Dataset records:
◇ ◇ ◇ ◇

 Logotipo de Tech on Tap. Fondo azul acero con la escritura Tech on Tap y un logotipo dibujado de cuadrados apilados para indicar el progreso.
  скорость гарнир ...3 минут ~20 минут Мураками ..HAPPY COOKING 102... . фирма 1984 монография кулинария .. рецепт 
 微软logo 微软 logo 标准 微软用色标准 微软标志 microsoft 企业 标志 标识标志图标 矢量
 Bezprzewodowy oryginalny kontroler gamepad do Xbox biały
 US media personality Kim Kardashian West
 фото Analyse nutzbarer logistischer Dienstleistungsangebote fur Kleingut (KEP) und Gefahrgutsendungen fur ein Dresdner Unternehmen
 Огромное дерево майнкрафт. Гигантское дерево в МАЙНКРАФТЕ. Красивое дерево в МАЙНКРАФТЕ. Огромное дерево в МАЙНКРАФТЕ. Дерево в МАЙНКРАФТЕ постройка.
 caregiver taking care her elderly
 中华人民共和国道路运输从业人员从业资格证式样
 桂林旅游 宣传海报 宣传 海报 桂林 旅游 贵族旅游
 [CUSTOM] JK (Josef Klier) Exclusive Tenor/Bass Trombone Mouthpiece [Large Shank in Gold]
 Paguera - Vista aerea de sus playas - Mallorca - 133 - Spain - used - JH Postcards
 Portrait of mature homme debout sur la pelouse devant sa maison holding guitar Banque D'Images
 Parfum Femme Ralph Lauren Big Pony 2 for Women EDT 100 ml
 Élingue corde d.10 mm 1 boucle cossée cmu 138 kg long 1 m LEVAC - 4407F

◇ ◇ ◇ ◇

■ Assignment
For each entry above, please make an exact copy.

■ Output of the task
 Logotipo de Tech on Tap. Fondo azul acero con la escritura Tech on Tap y un logotipo dibujado de cuadrados apilados para indicar el progreso.
  скорость гарнир ...3 минут ~20 минут Мураками ..HAPPY COOKING 102... . фирма 1984 монография кулинария .. рецепт 
 微软logo 微软 logo 标准 微软用色标准 微软标志 microsoft 企业 标志 标识标志图标 矢量
 Bezprzewodowy oryginalny kontroler gamepad do Xbox biały
 US media personality Kim Kardashian West
 фото Analyse nutzbarer logistischer Dienstleistungsangebote fur Kleingut (KEP) und Gefahrgutsendungen fur ein Dresdner Unternehmen
 Огромное дерево майнкрафт. Гигантское дерево в МАЙНКРАФТЕ. Красивое дерево в МАЙНКРАФТЕ. Огромное дерево в МАЙНКРАФТЕ. Дерево в МАЙНКРАФТЕ постройка.
 caregiver taking care her elderly
 中华人民共和国道路运输从业人员从业资格证式样
 桂林旅游 宣传海报 宣传 海报 桂林 旅游 贵族旅游
 [CUSTOM] JK (Josef Klier) Exclusive Tenor/Bass Trombone Mouthpiece [Large Shank in Gold]
 Paguera - Vista aerea de sus playas - Mallorca - 133 - Spain - used - JH Postcards
 Portrait of mature homme debout sur la pelouse devant sa maison holding guitar Banque D'Images
 Parfum Femme Ralph Lauren Big Pony 2 for Women EDT 100 ml
 Élingue corde d.10 mm 1 boucle cossée cmu 138 kg long 1 m LEVAC - 4407F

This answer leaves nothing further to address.